* [GIVEN DATA]:
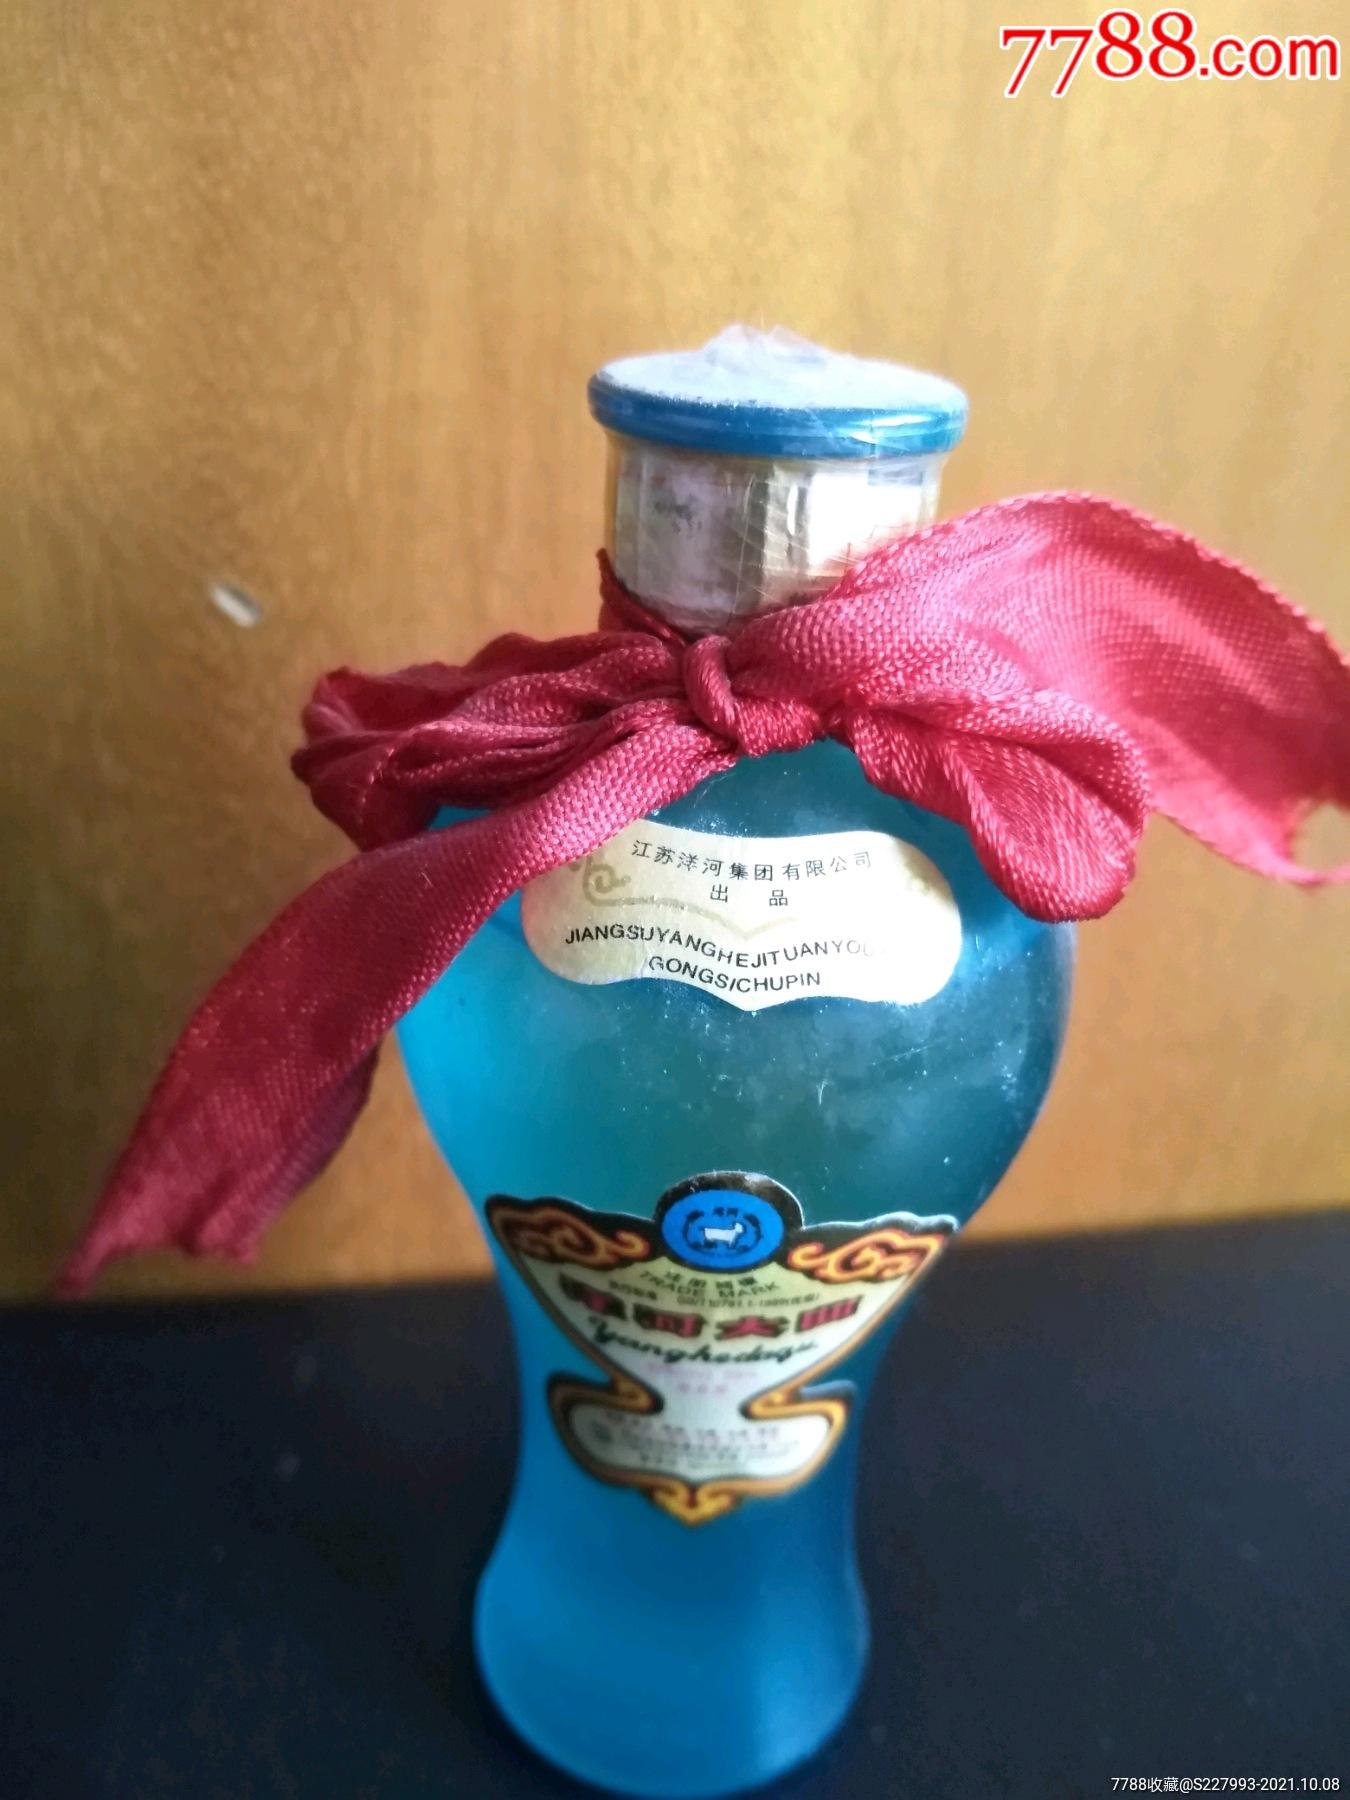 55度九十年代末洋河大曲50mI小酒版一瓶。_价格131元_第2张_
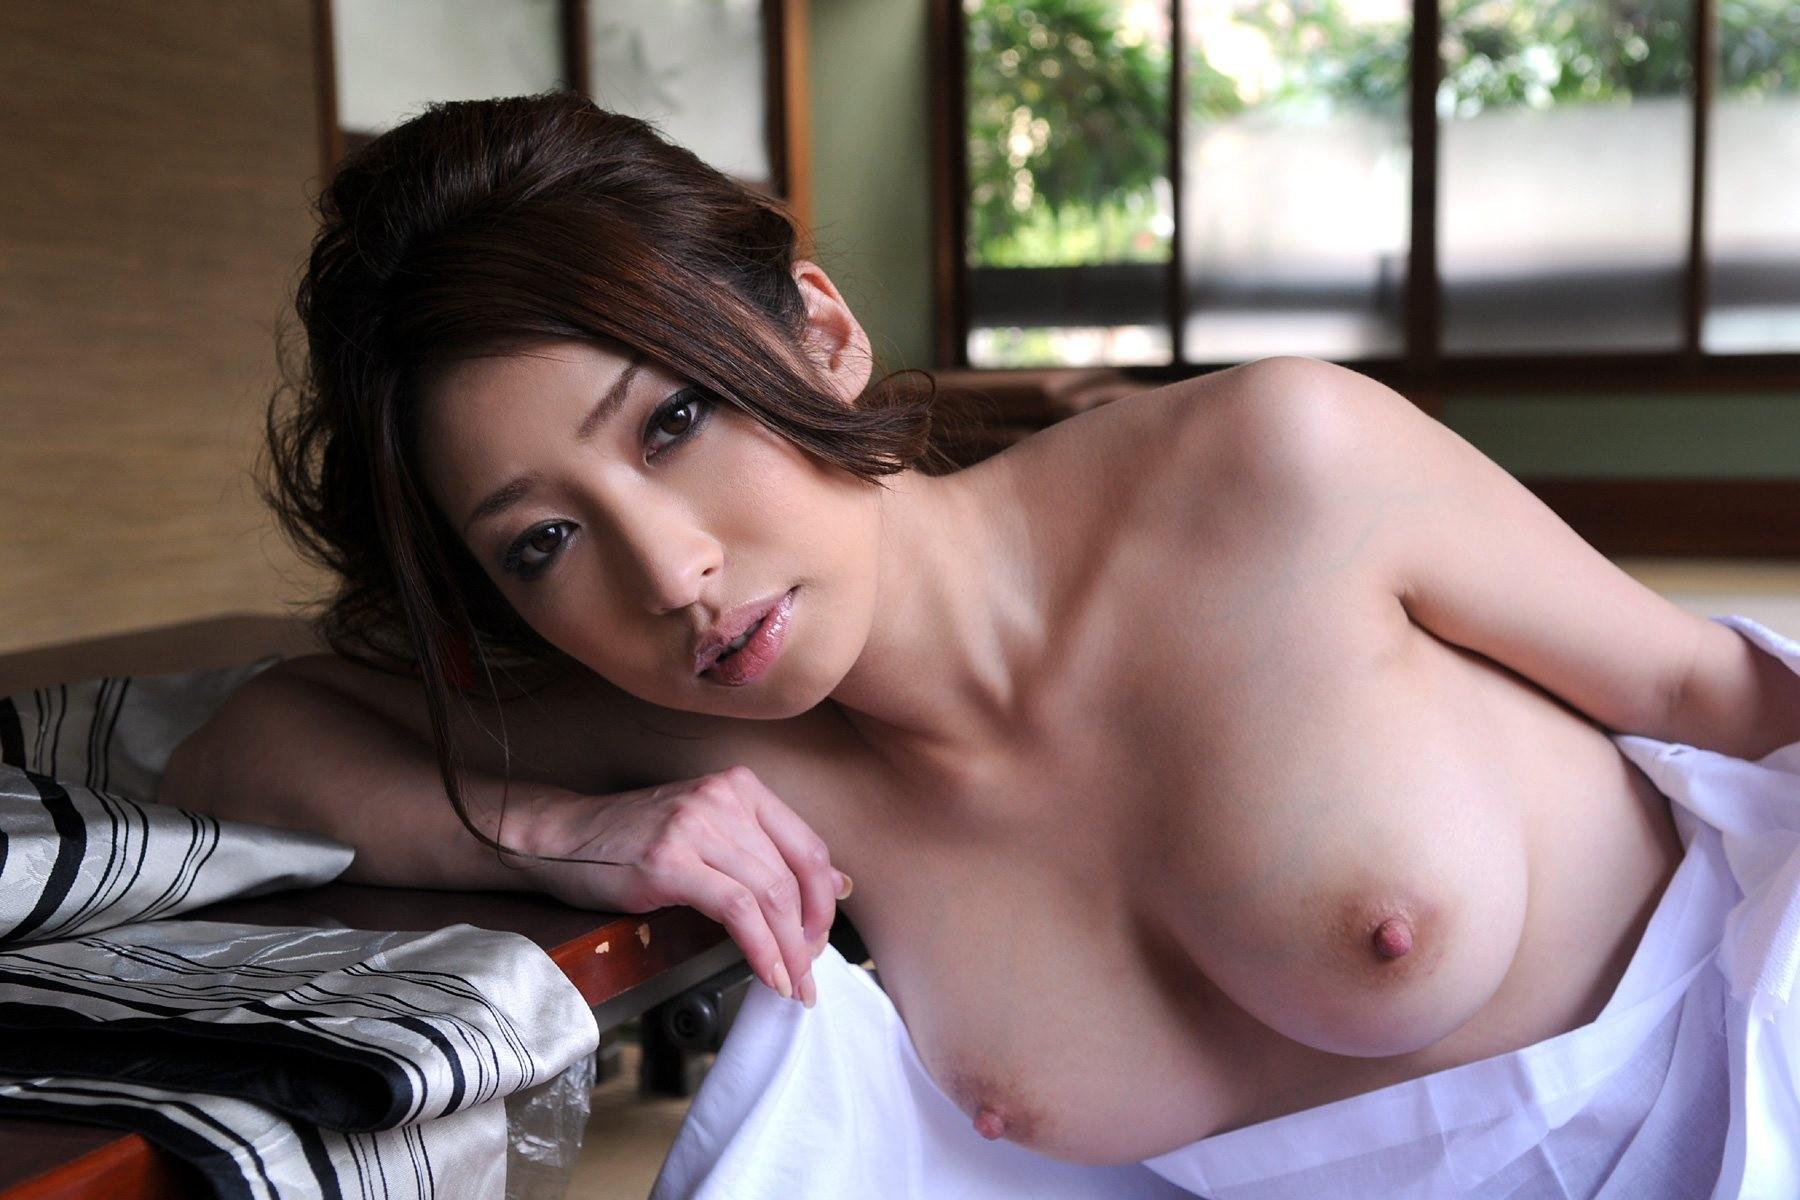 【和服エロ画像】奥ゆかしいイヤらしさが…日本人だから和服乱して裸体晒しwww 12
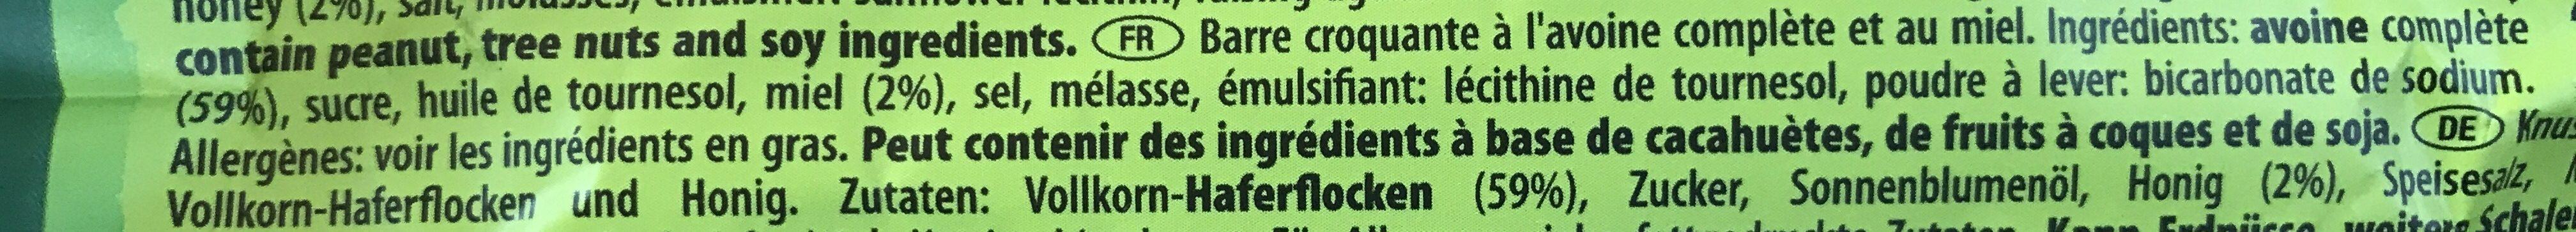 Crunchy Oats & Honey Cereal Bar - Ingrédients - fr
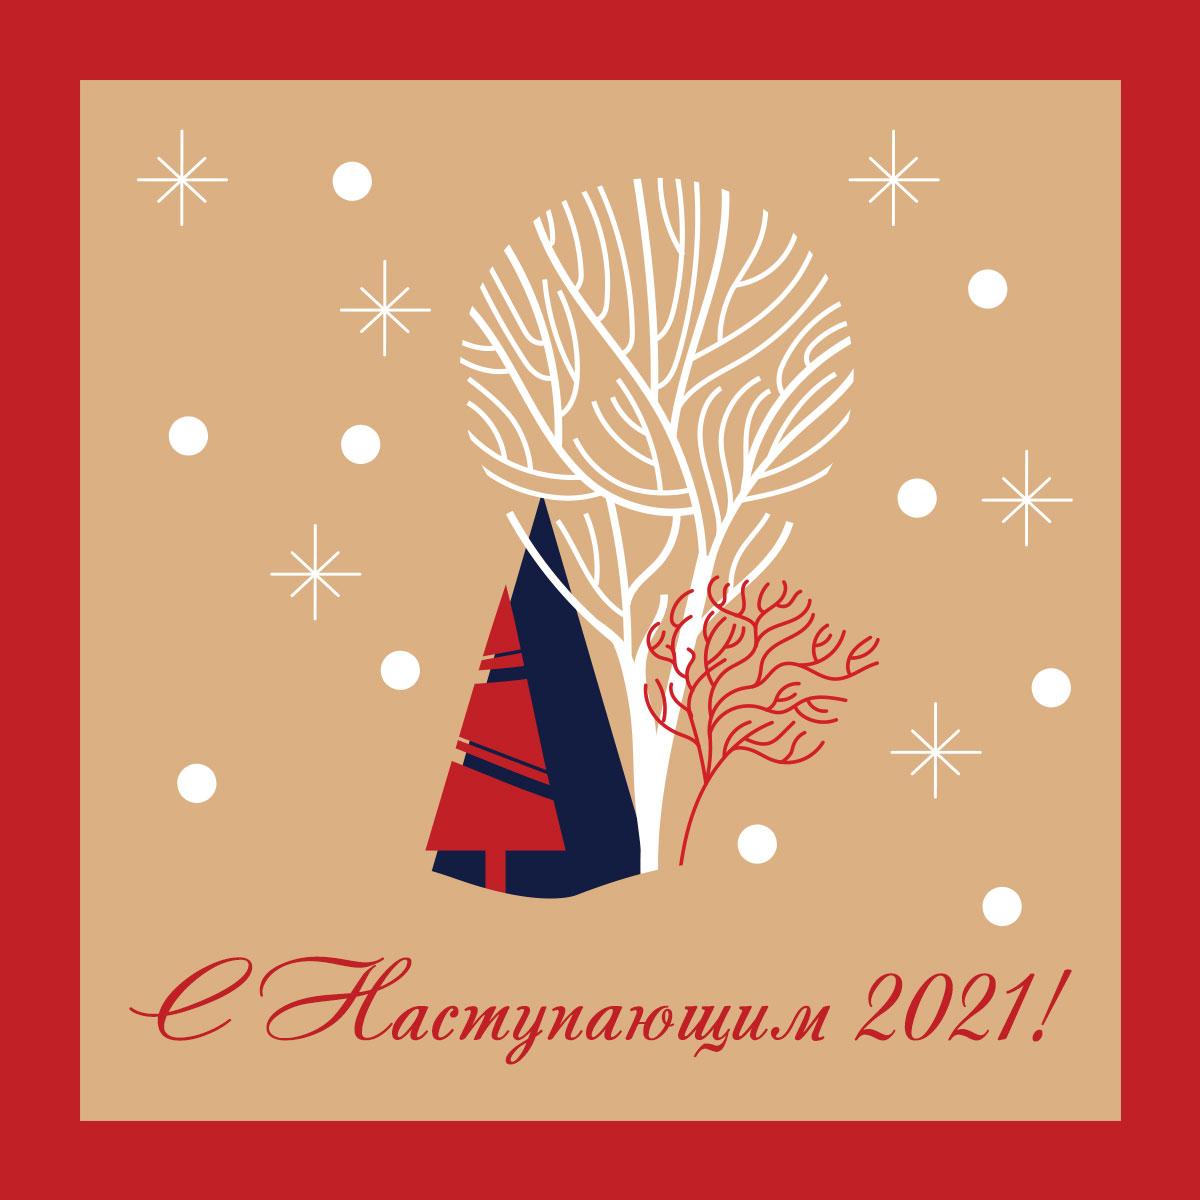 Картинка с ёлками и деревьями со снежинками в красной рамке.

* [TRY IT]: When repeating the listing, keep each line exact and exclude the pictures.

* [WRITTEN RESPONSE]:
 55度九十年代末洋河大曲50mI小酒版一瓶。_价格131元_第2张_
 【和服エロ画像】奥ゆかしいイヤらしさが…日本人だから和服乱して裸体晒しwww 12
 Crunchy Oats & Honey Cereal Bar - Ingrédients - fr
 Картинка с ёлками и деревьями со снежинками в красной рамке.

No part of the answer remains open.